Mahmoud K. Muftić

Mahmoud Kamal Muftić
Mahmoud K. Muftić performing a galvanic skin response (GSR) measurement of the degree of hypnosis using a W-bridge oscillograph according to his own modified method, Iraq, late 1950s
Born14 January 1919
DiedSeptember 1971
Other namesFirus mlađi (Firuz the younger, pen name)
CitizenshipYugoslavia
Croatia
Egypt (asylum)
West Germany (asylum)
SpouseIsaad M. Atia
Scientific career
FieldsMedical microbiology, enzymology, hypnosis, parapsychology
Institutions
Author abbrev. (botany)Muftic

Mahmoud Kamal Muftić (or Mahmut Kemal Muftić; born 14 January 1919 – died September 1971) was a Bosnian Muslim medical researcher and political activist during the Cold War. He worked in biomedical science, combining it with unconventional research into hypnosis and metaphysical topics, and was a key figure bridging pan-Islamist, anti-communist, and Croatian nationalist exile movements. Muftić spent most of his adult life between Europe and the Middle East, involved in exile communities, revolutionary politics, and intelligence networks. He died in 1971 under circumstances that remain unclear, reportedly having claimed to suffer from radioactive poisoning.

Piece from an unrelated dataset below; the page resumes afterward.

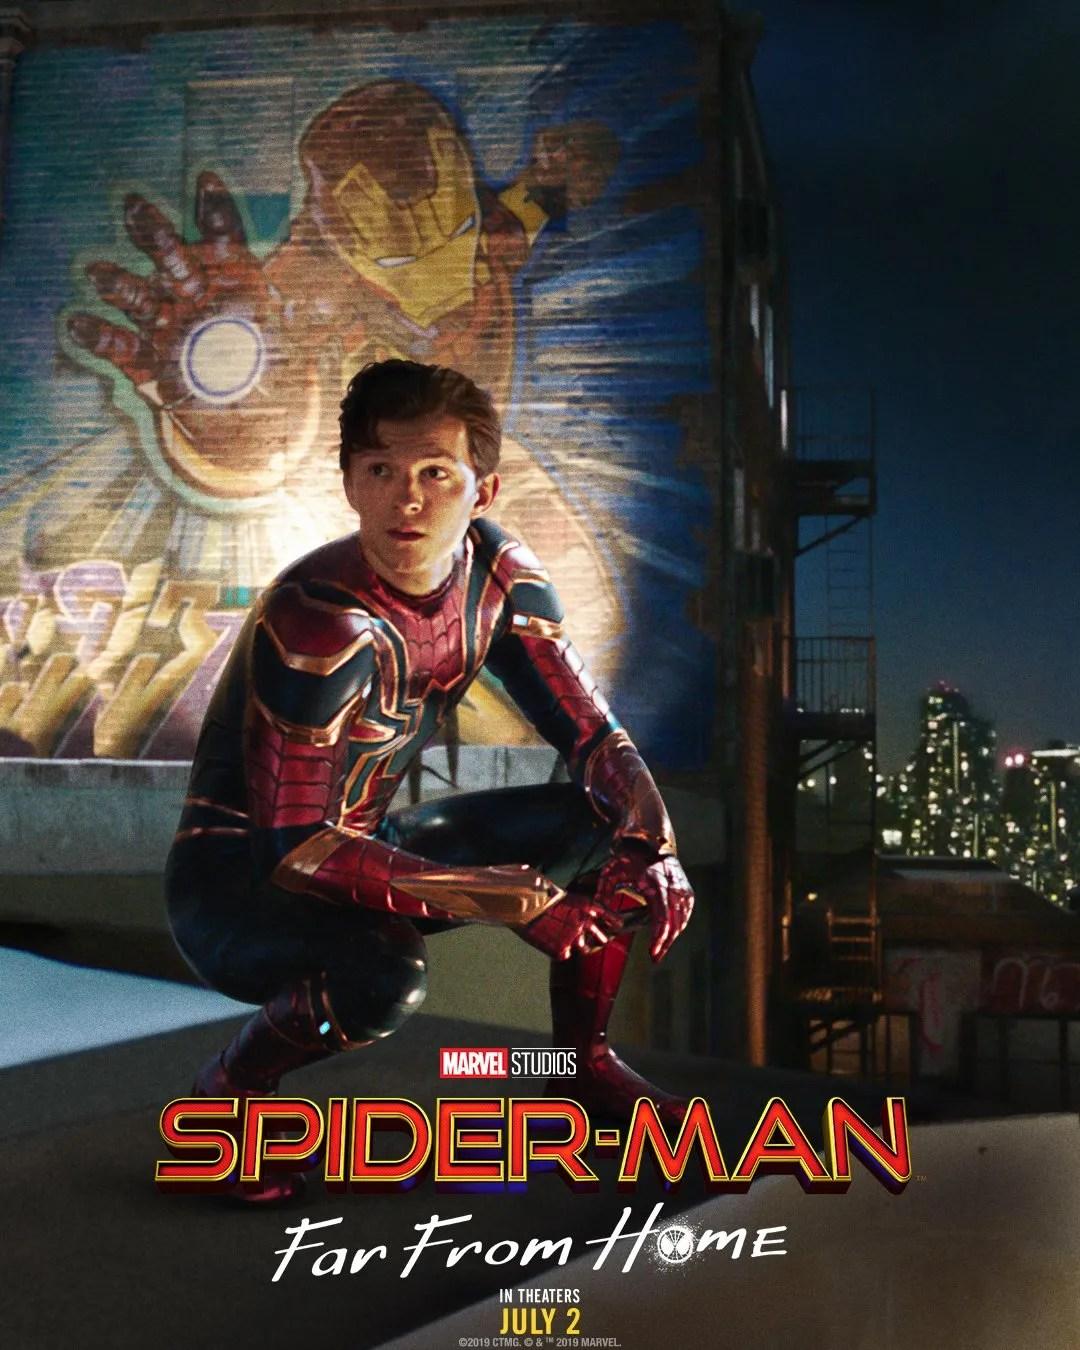 Póster de Spider-Man: Far From Home (2019). Imagen: Spider-Man Twitter (@SpiderManMovie).

Muftić grew up in Sarajevo in a prominent Bosnian Muslim family rooted in Islamic scholarship and the Naqshbandi Sufi tradition. He reportedly earned a medical degree in Zagreb in 1944. Following the collapse of the Independent State of Croatia and the communist takeover of Yugoslavia, he fled the country amid a broader wave of political displacement. By 1948, he had joined the Arab Liberation Army during the Palestine war and was granted asylum in Egypt, marking the start of a twelve-year exile across the Middle East, with periods in Egypt, Iraq, Saudi Arabia, and Palestine. In Egypt Muftić quickly embedded himself in Islamist circles tied to the Muslim Brotherhood, and married a cousin of the Brotherhood's preeminent leader from the 1950s, Said Ramadan. He later moved to West Germany and Switzerland, becoming a director at Schering (now Bayer) in West Berlin. He was living in Dublin at the time of his death.

Between the 1950s and early 1970s, Muftić published extensively on enzymology, immunopathological processes, and disease mechanisms, particularly in relation to tuberculosis, fungal infections, and drug development. At the same time, he pursued research into the biochemical basis of hypnosis alongside more speculative investigations into psychokinesis and aura phenomena. He also wrote on Islamic theology, showing an interest in medical ethics from an Islamic perspective. His work reflected an unusual attempt to bridge conventional medical science with experimental and fringe fields. William Joseph Bryan described Muftić as "a true scientist in every way [who] always looked for physical and chemical explanations of psychological problems. He frequently took as his motto Gerard's famous statement, 'there can be no twisted thought without a twisted molecule.'"

Muftić is best known for his attempt to forge a Cold War alliance between pan-Islamist movements and the Croatian radical nationalist diaspora. As secretary-general of the Croatian National Resistance (HNO), he served as the key link between the Muslim Brotherhood and Croatian émigré networks. In the early 1960s, he launched Operation Orient, a bold campaign of guerrilla diplomacy to form a Croatian government in exile that would be recognized by Arab states and admitted to the Arab League as an Islamic state. In this government he would serve as its envoy to the Arab world, effectively its foreign minister. The initiative collapsed as a result of HNO infighting, and Muftić—suspected by both allies and enemies of intelligence ties—was eventually left politically isolated. The Empire Never Ended podcast episode "Mustasha Brotherhood – The Mahmut Muftić Story" described him as "the enigmatic Ustasha who forged an unlikely alliance between the Muslim Brotherhood and Croatian National Resistance." Despite his efforts to connect worlds that few others ever combined, Muftić ended as a restless and isolated exile, shaped by the shadow conflicts of the Cold War.